[Data segment]

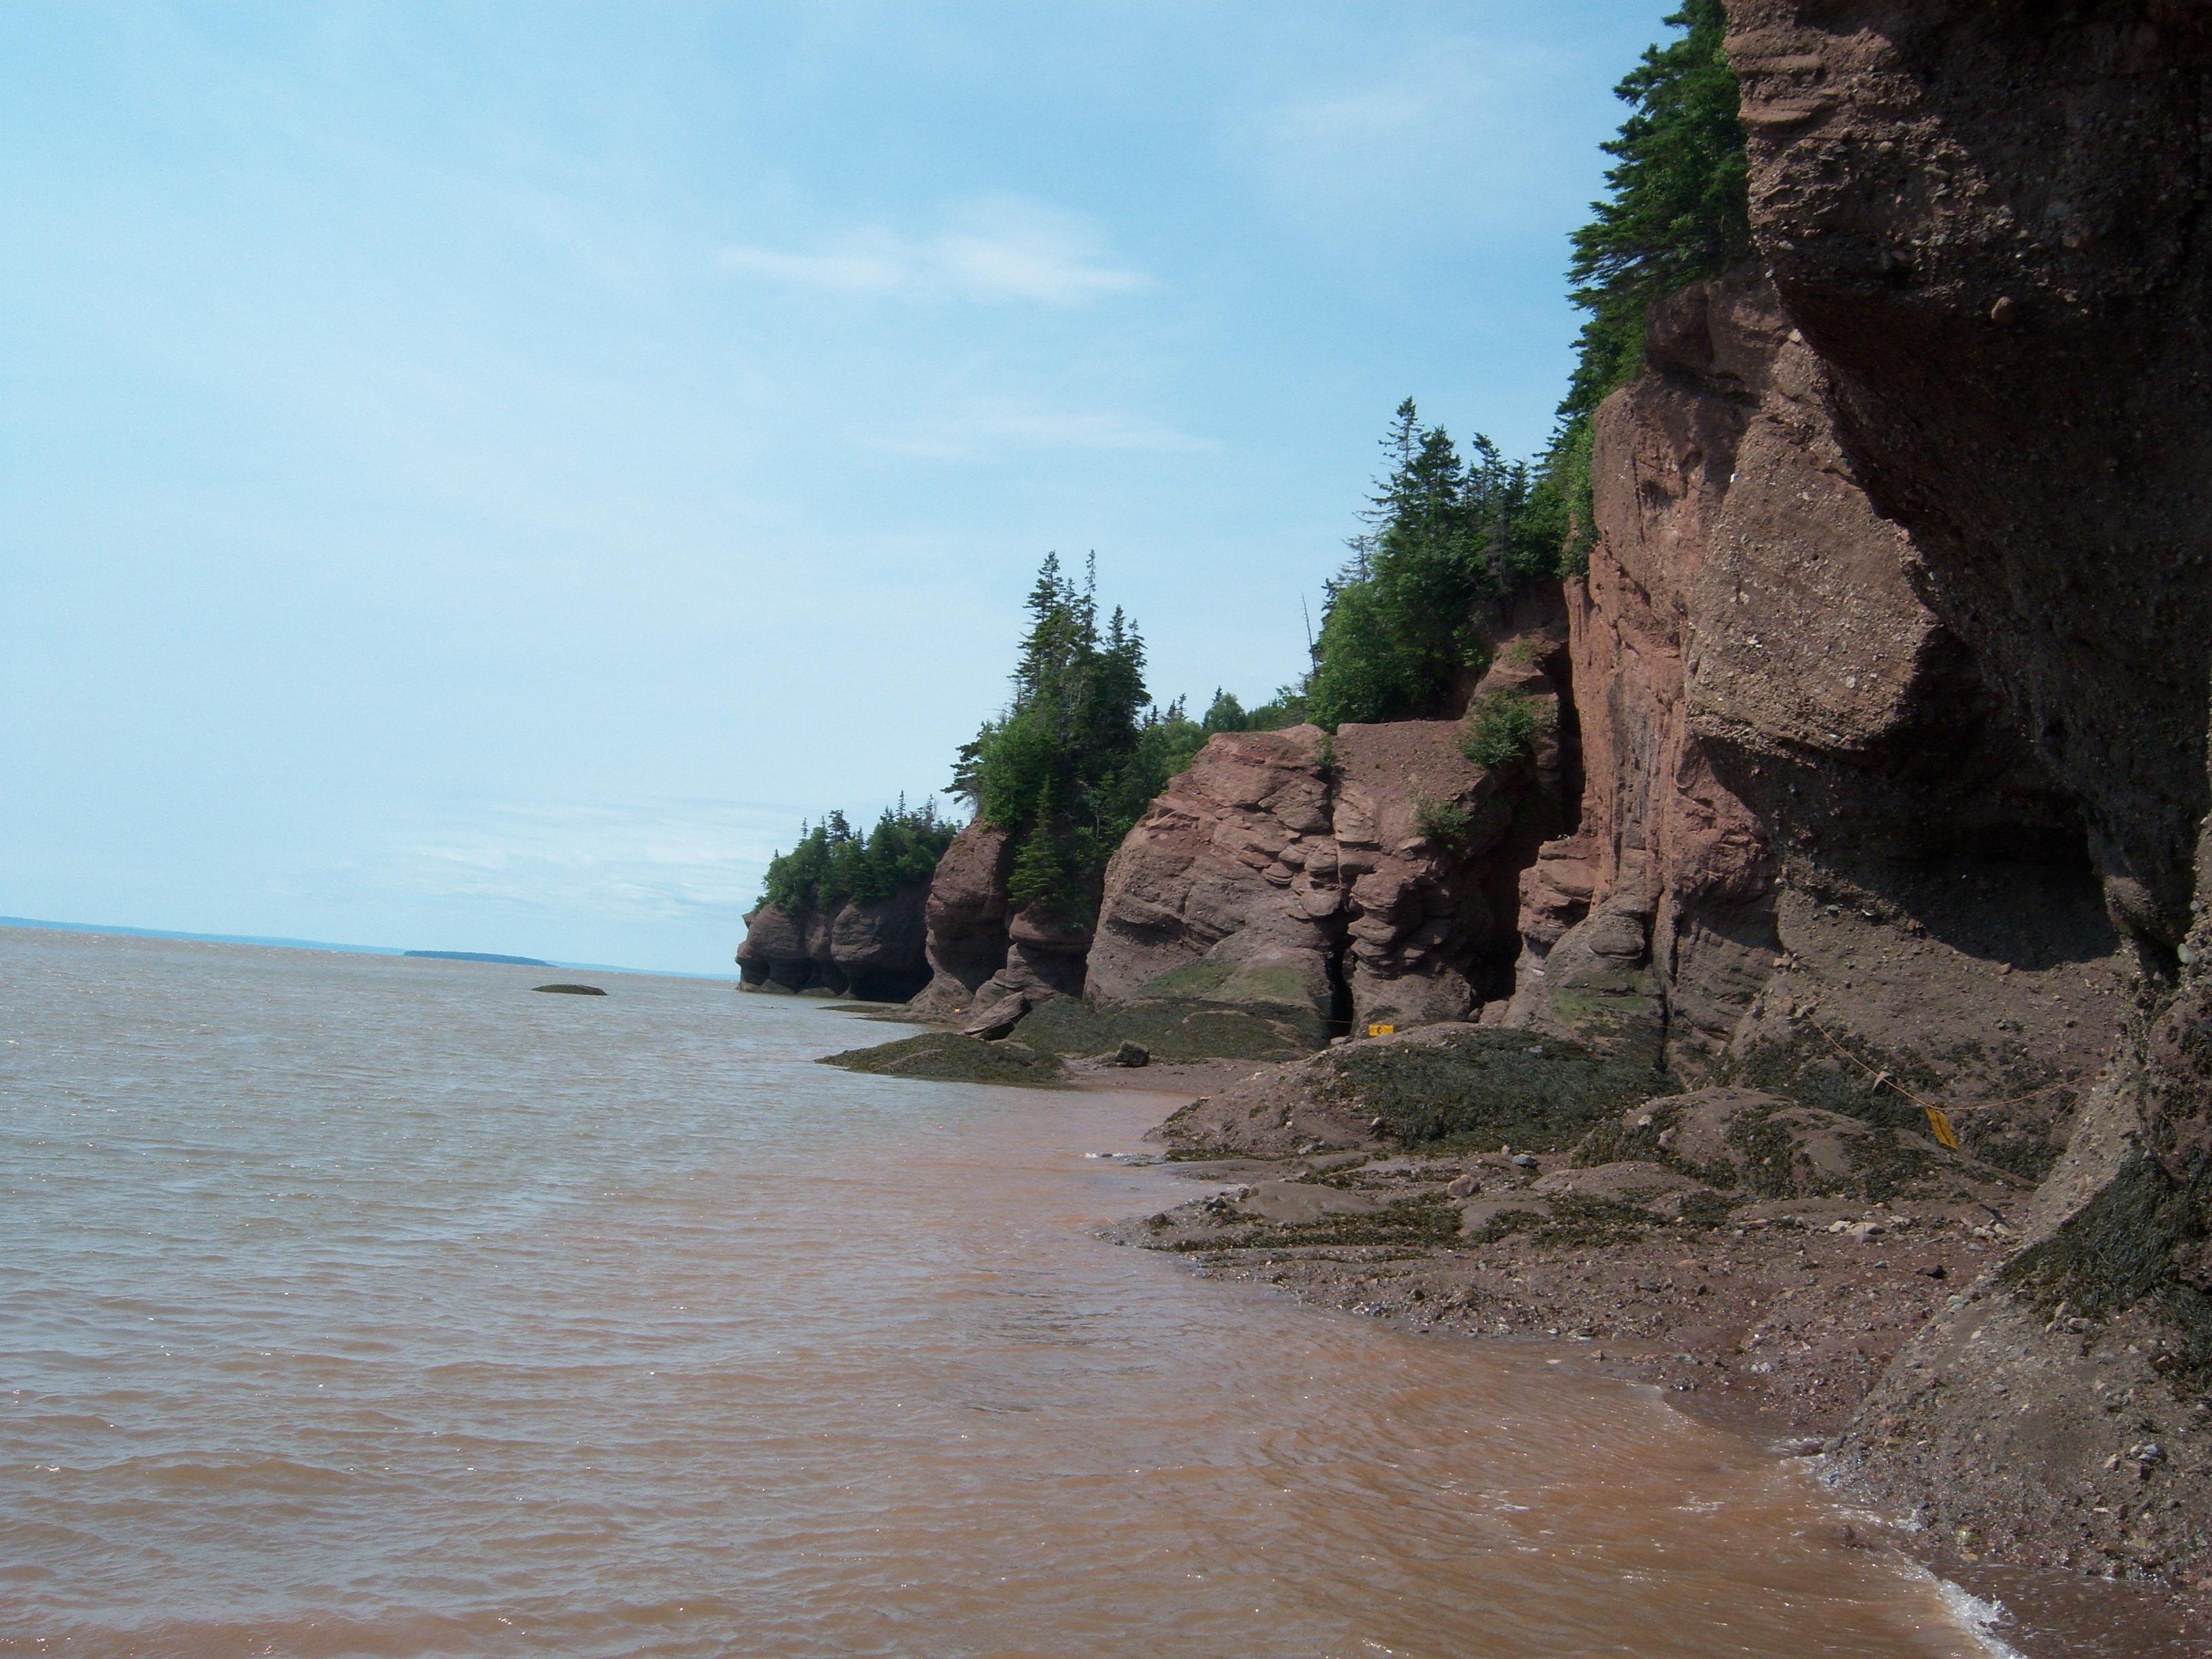 File:Hopewell Rocks Provincial Park . .4.jpg - Wikimedia Commons
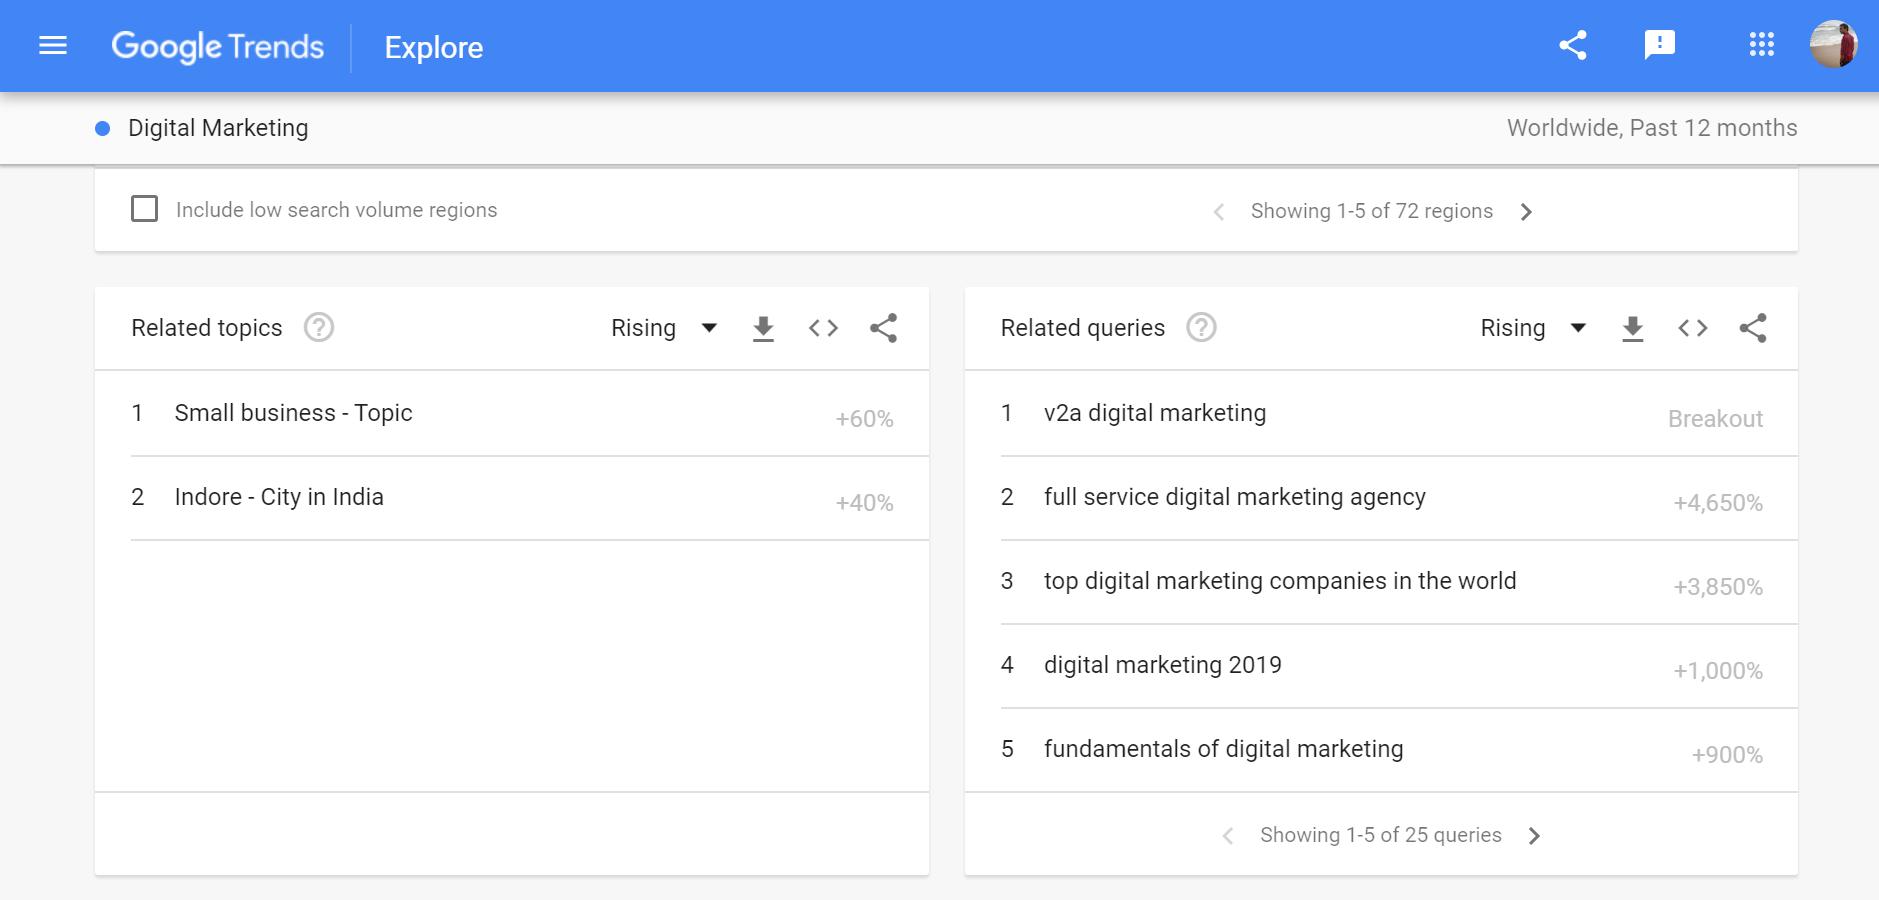 Google Trends Digital Marketing search
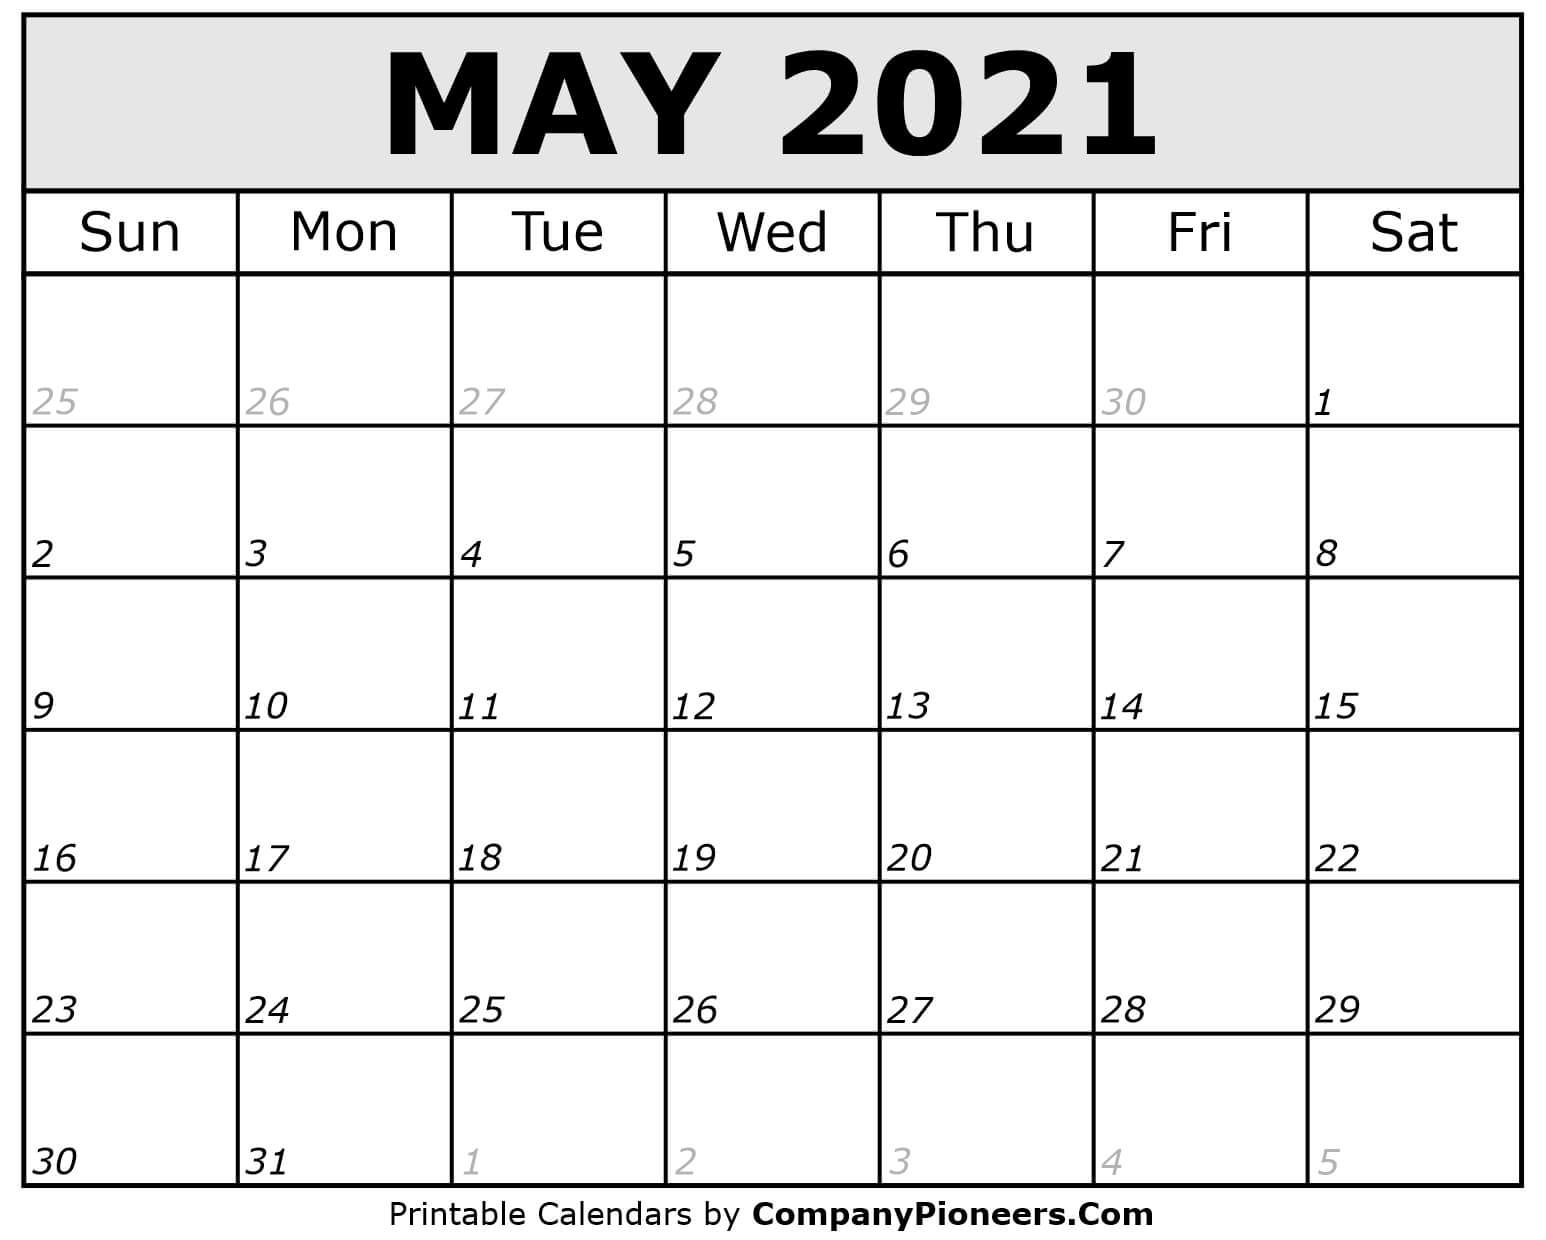 May 2021 Calendar Printable - Printable 2020 Calendars May
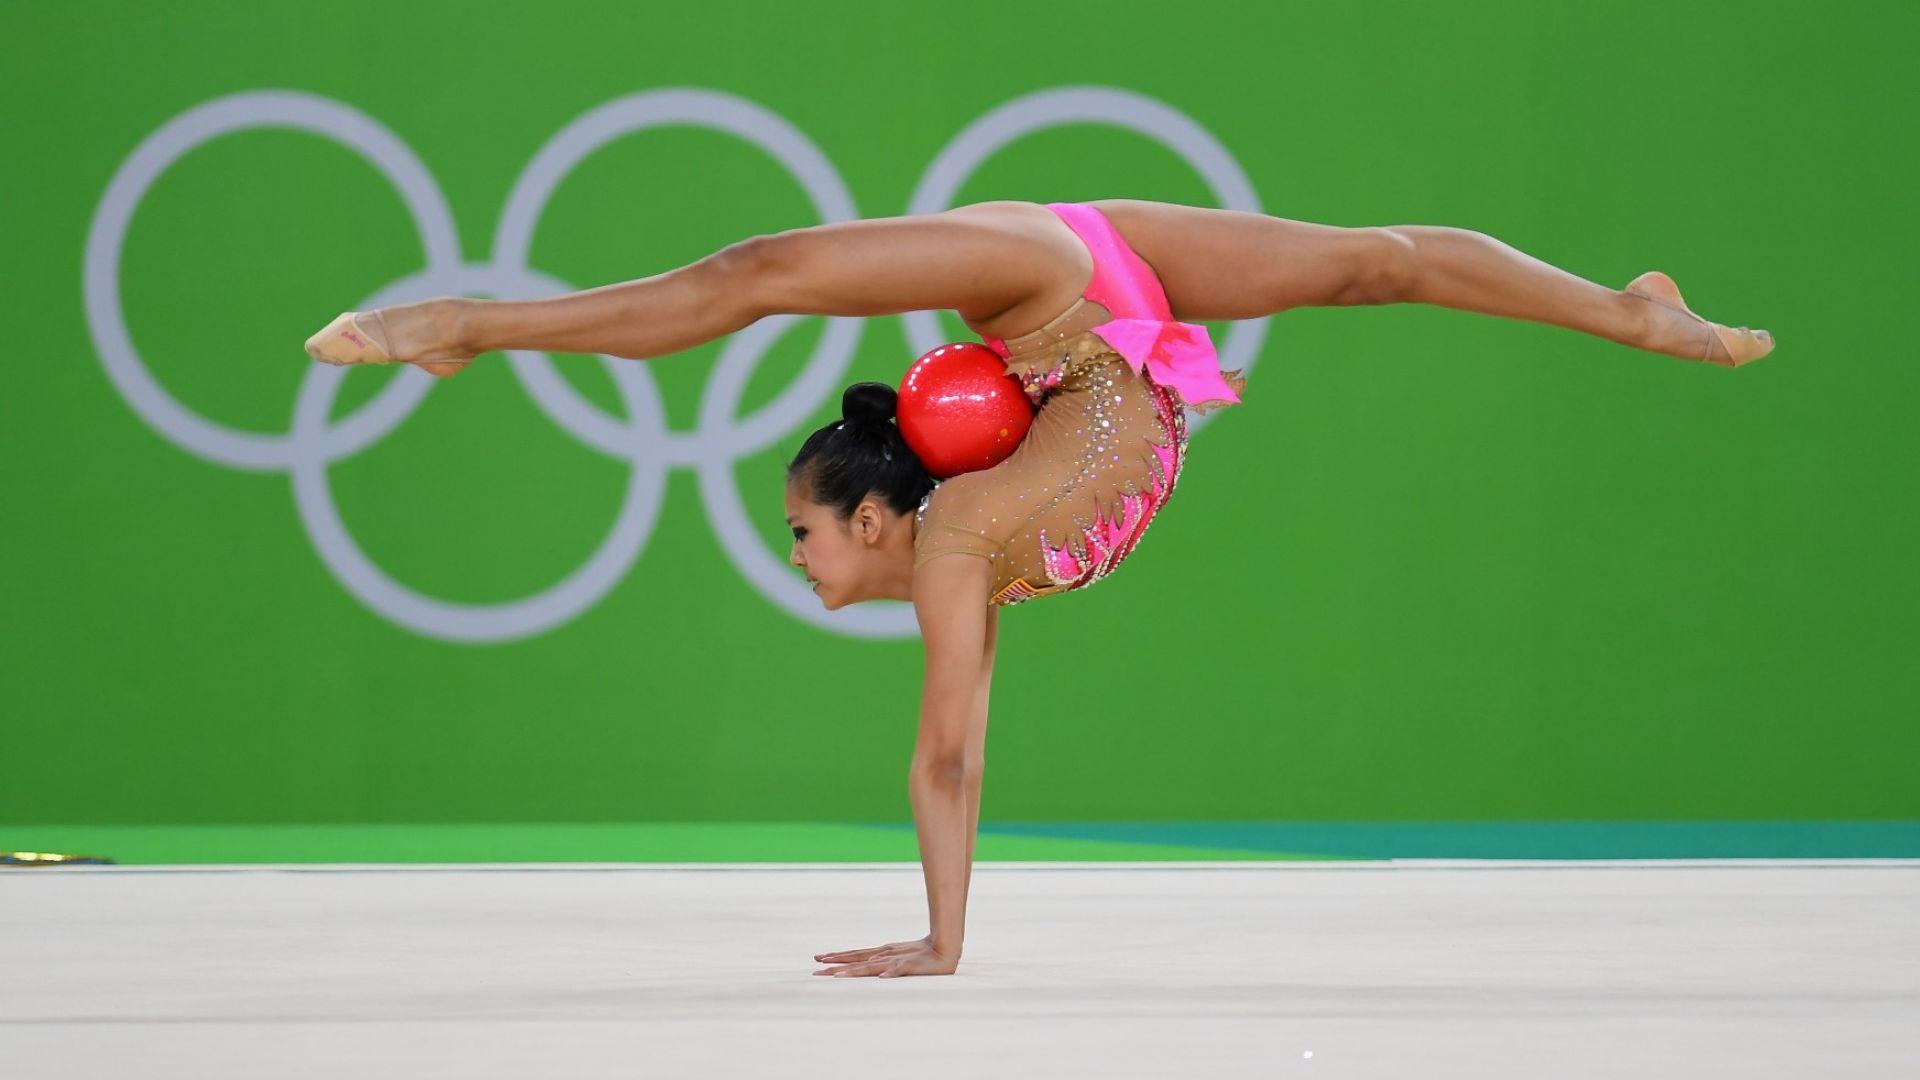 Американска гимнастичка изгоря с допинг

[Task objective] Type the listing above out again exactly, and omit all pictures.

[Exercise solution]
 File:Hopewell Rocks Provincial Park . .4.jpg - Wikimedia Commons
 Google Trends Digital Marketing search
 May 2021 Calendar Printable - Printable 2020 Calendars May
 Американска гимнастичка изгоря с допинг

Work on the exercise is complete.